Paydirt editor Doug Hornig addresses exactly how a revaluation of gold could take place. There are already hints from the Fed itself, and the benefits to the government are many. What would happen to the gold price? And to gold stocks? Doug shows how a gold revaluation would make a lot of sense…

Ok, right up front, I do not know of a secret place where you can buy gold for one cent on the dollar. Sorry. But I’ll come back to that $42 number in a moment.

The gold price, which went flat in late October, has lately turned north again, adding $160, or about 4%, since November 20—as I write on December 2. The miners have more than kept pace, with the large-cap GDX rising 10.5% over the same period and the small-cap GDXJ vaulting higher by more than 13.5%.

Granted it’s a very short-term sample size, and by the time you read this, prices may have fallen back. But these are big moves. Is it just an anomaly? Or are we beginning the next leg up after the ongoing bull market in precious metals took a breather?

Or … might something be afoot behind the scenes that insiders know about—and we don’t? Like, say, a revaluation?

A Fed Leak?

What follows is speculative. But not entirely. There are hints, and recently one came from the Federal Reserve.

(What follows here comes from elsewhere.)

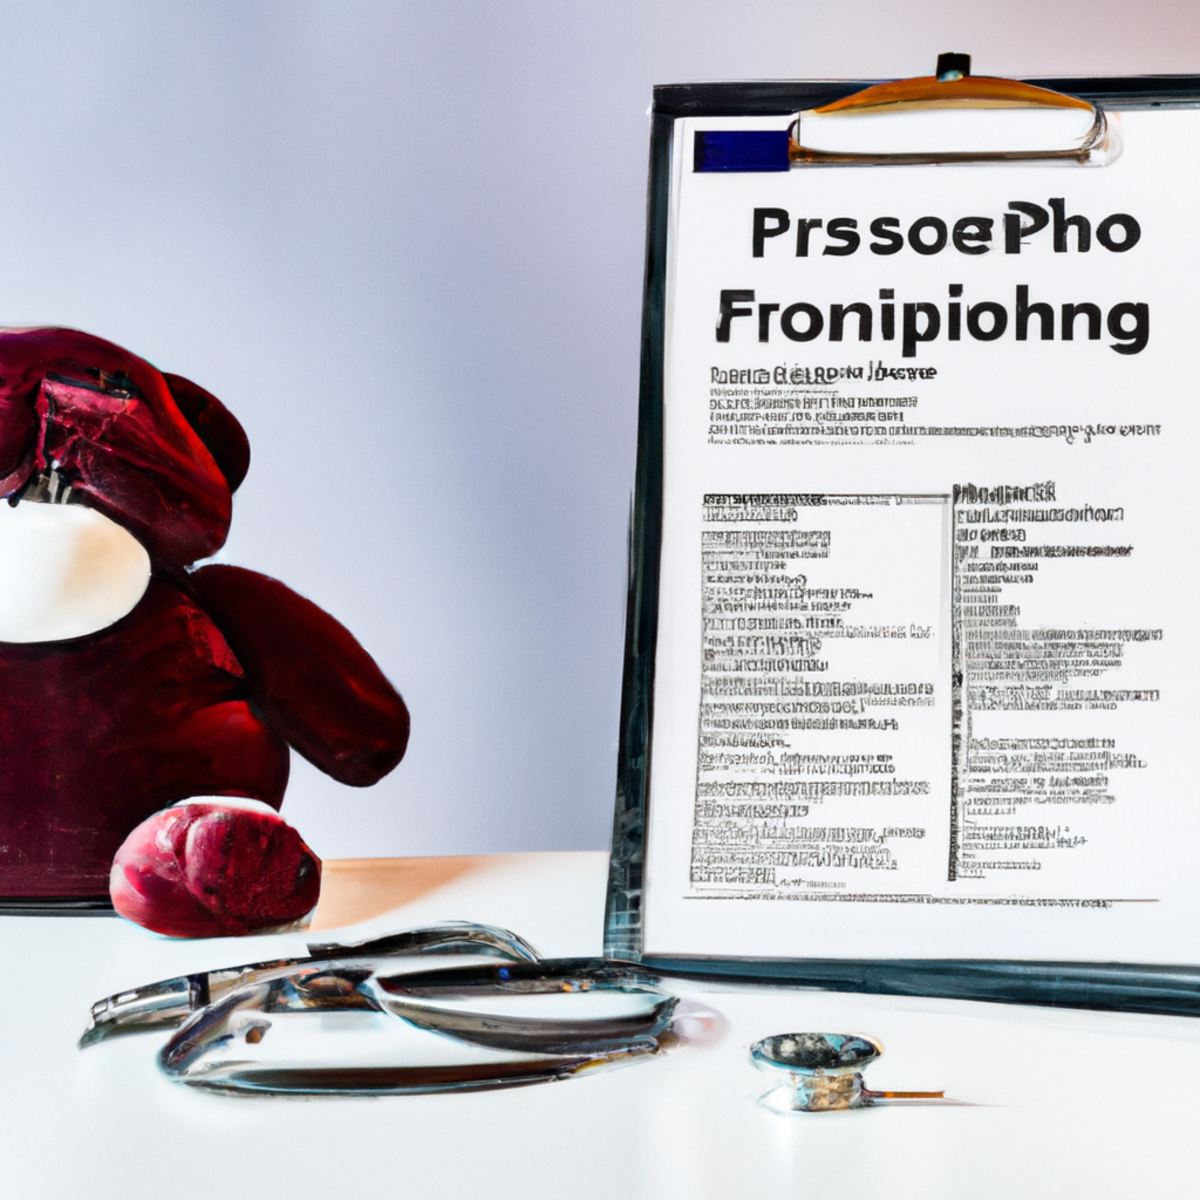 Pediatric medical examination room with stethoscope, charts, blood pressure cuff, and doctor's coat -Fibrodysplasia Ossificans Progressiva (FOP)

If you’re like me, you pay little or no attention to what the Fed says, since it has missed every major economic trend in recent history. Nevertheless, I couldn’t help but be intrigued by a paper—entitled, Official Reserve Revaluations: The International Experience. It was written by staff economist Dr. Colin Weiss and issued by the Board of Governors on August 1, 2025. The initial paragraph tells the story:

  • “With public debt at high levels, some governments have begun to explore financing additional expenditures without raising taxes while also not increasing public debt outstanding. One possibility is using proceeds from valuation gains on gold reserves, as has been floated in the U.S. and Belgium recently. For the U.S., this would involve revaluing the government’s 261.5 million troy ounces in gold reserves—the largest gold reserves globally— from a statutory price of $42.22 per troy ounce to current market prices, which stand around $3300 per troy ounce.” [The price is almost 1/3 higher since then.]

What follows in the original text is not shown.